I will say that I have eaten Emmy Squared's pies a few times and their crust is nearly perfect. I only wish they would use Wisconsin Brick cheese because it would do two things: The overall flavor of their pizza would be improved by 100% and the cheese would not brown or burn so easily. Brick cheese tends to have a much higher moisture content than the usual low-moisture mozzarella shred used in most pizzerias. It might add a few cents to the price, but it would be so worth it. It is also my preference, but I think they could stand to add more sauce to their pies. Let me know what you think.

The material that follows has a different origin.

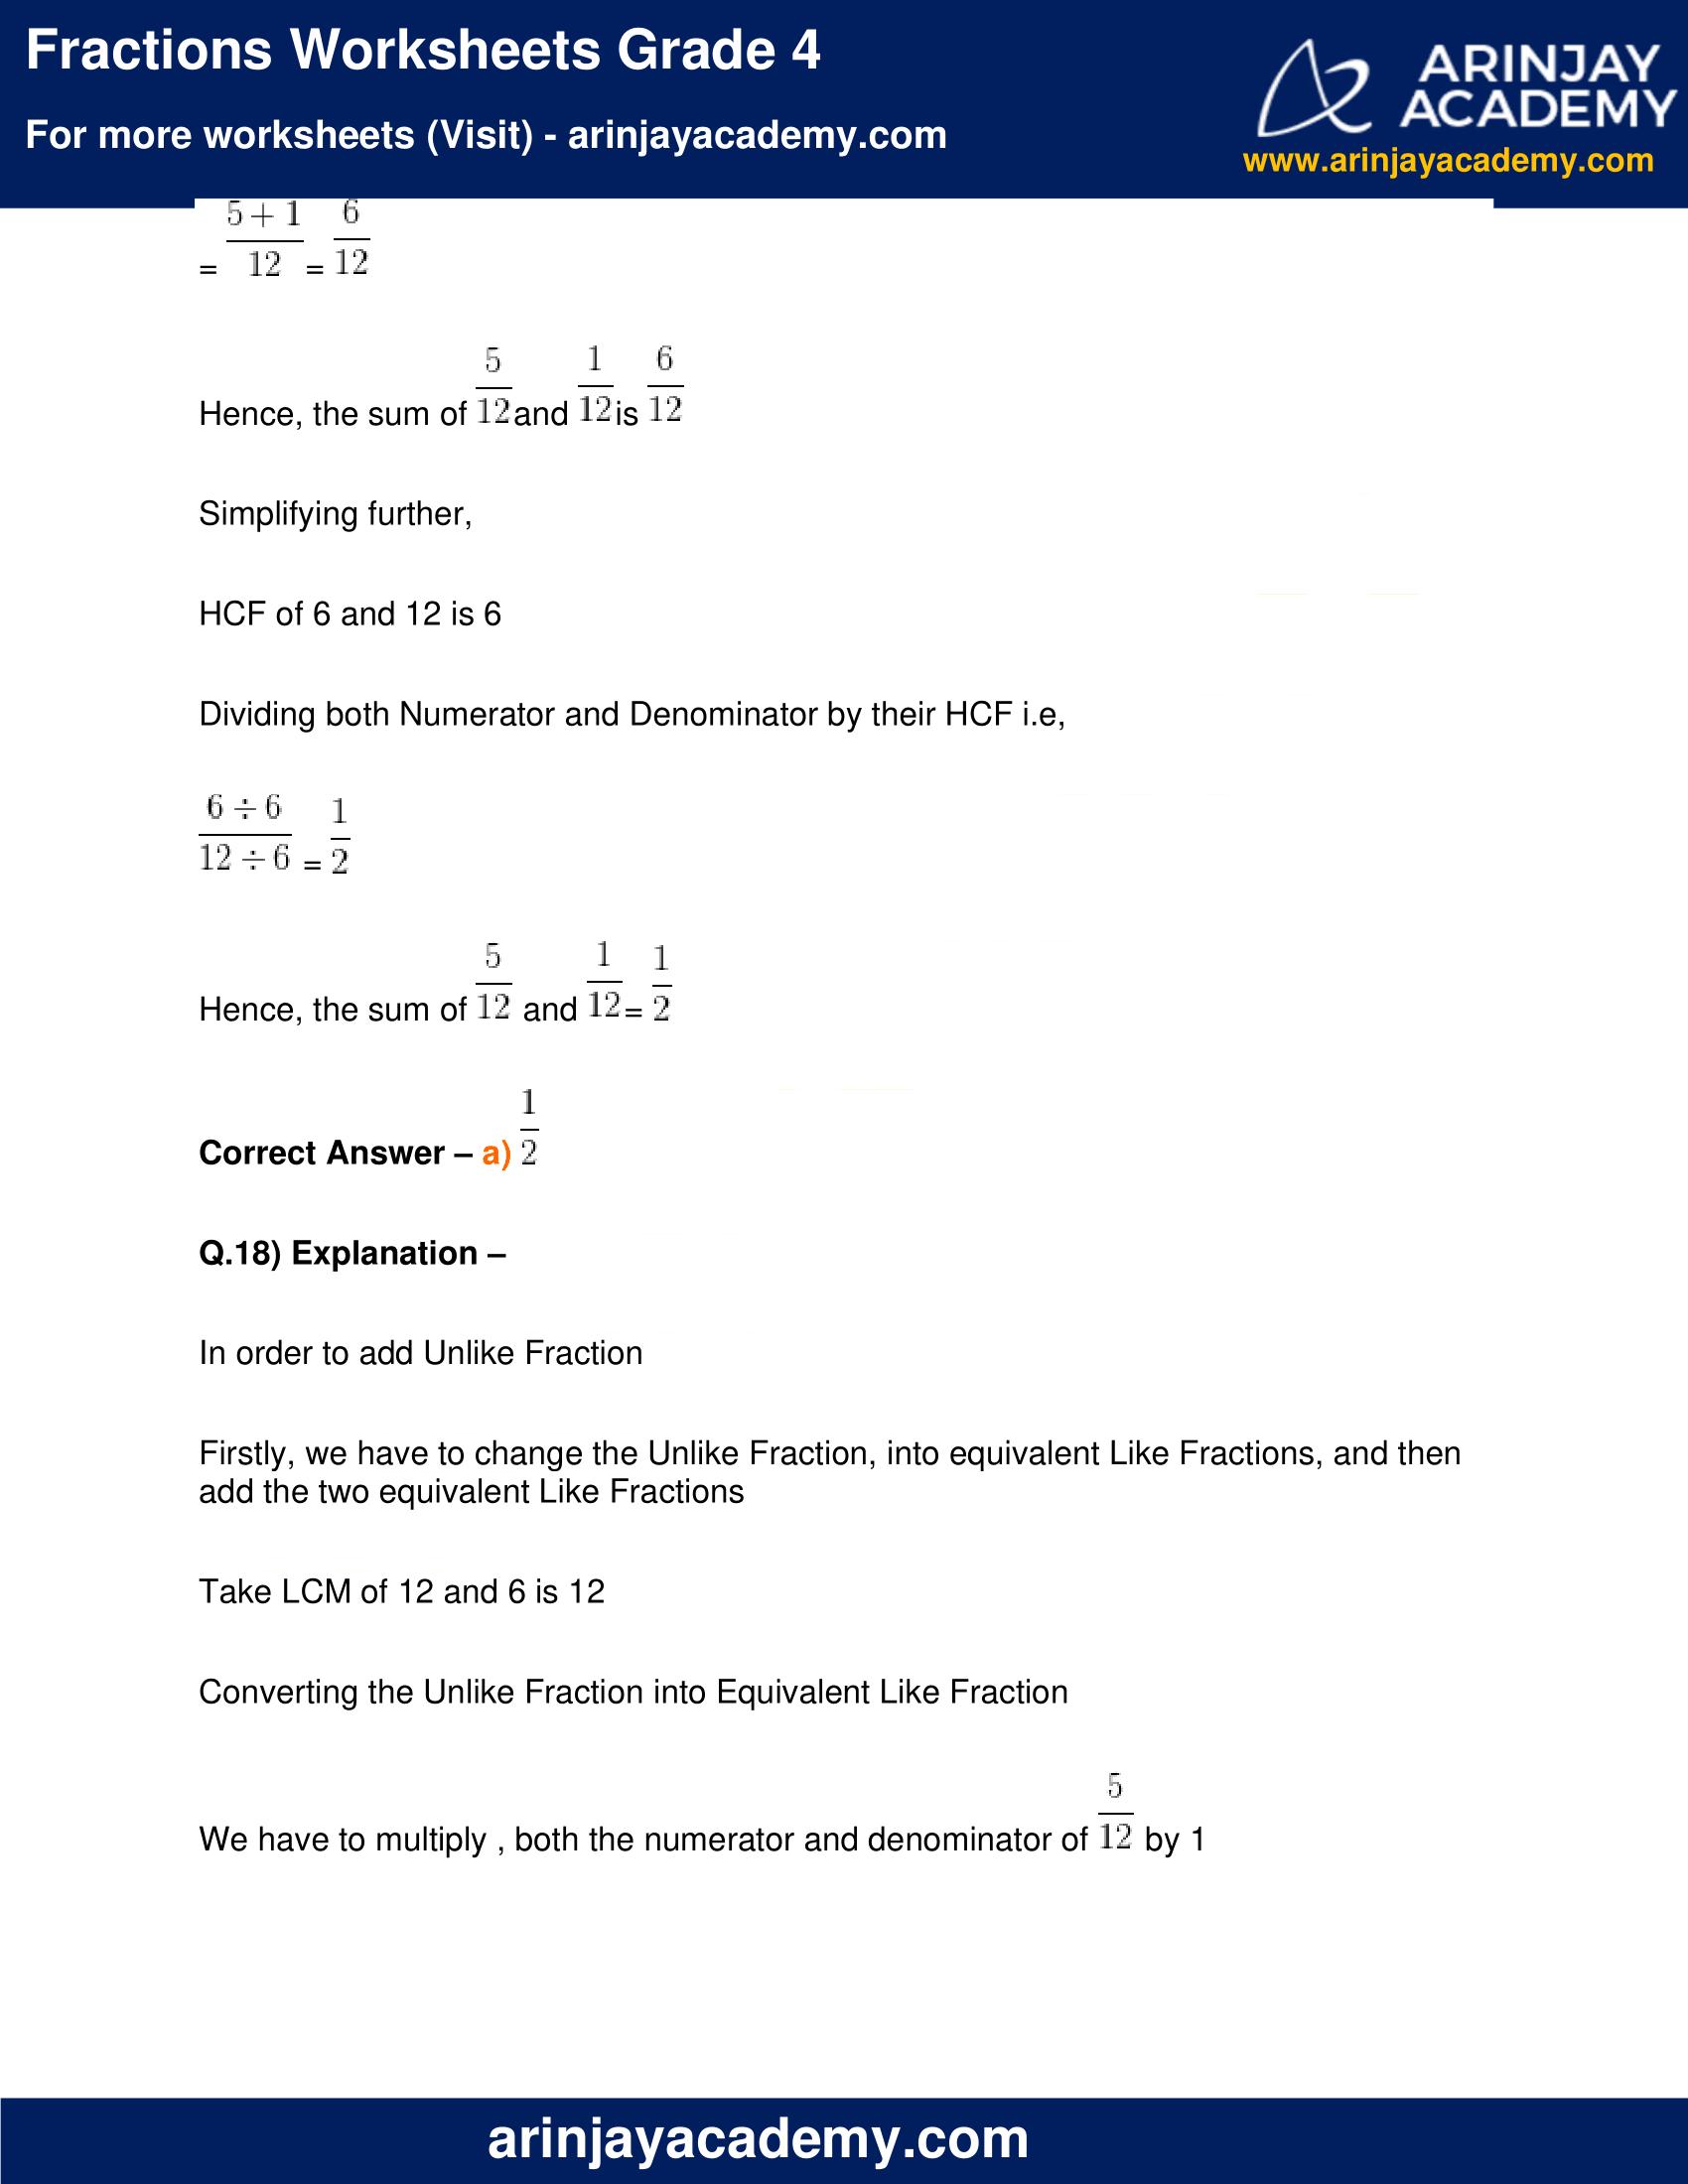 Fractions Worksheets Grade 4 image 16

One of the best things about the NuLu location is that the backside of the restaurant opens up to a courtyard containing a West Sixth Brewery taproom and several other eating and drinking establishments. So, you can order a pizza, grab a table, draw an excellent pint from the West Sixth beer menu and they will bring your pizza to your table (at least they did that for me last time I was there).
Austin - Via 313
In case you were wondering, 313 is the area code for Detroit proper. Detroit natives and brothers Brandon & Zane Hunt opened Via 313 in 2011 out of a single trailer in Austin. Since I dined at the Craft Pride Tap Room trailer at 61 Rainey Street, Austin, TX in Dec 2017, Via 313 is doing so well that they have added three restaurants around Austin and according to their web site, have 3 new locations planned in Utah and 3 in Texas. Now I should be able to find good Detroit Style Pizza the next time I go skiing in Utah. These guys are doing it right with creative topping combination and excellently crafted pies. Pictured above is the Omnivore - note they use plenty of sauce. I love sauce!
Denver - Blue Pan Pizza
Blue Pan has two locations in the Denver area. I have been to the one in the West Highands area at 3930 W 32nd Ave, Denver, CO 80212, a couple of times and have sent a dozen or more folks there who gave it rave reviews. Blue Pan's owner and founder is Jeff Smokevitch (aka Smoke), a former inside linebacker for University of Michigan Wolverines. Smoke is from Birmingham, MI, a suburb of Detroit and he was a teammate of Tom Brady. He knows a thing or two about Detroit Style Pizza having won several awards in the International Pizza Challenge. He also owns Brown Dog Pizzeria in Telluride, CO where he honed his pizza chops prior to opening the first Blue Pan location in Denver. The last time I spoke with Smoke, he had elevated his status to judge in the International Pizza Challenge. Things are going well as he has opened a second Blue Pan in the Congress Park area of Denver.
Pete has some serious chops as a chef. He brings his culinary skills to the Detroit Style Pizza world by creating some really innovative topping combinations. The pizza I find the most interesting is the Coney Dog Pizza consisting of thin-sliced Koegel natural casing hot dogs, real Koegel coney sauce, yellow mustard & minced onions on his pizza - the best of both worlds!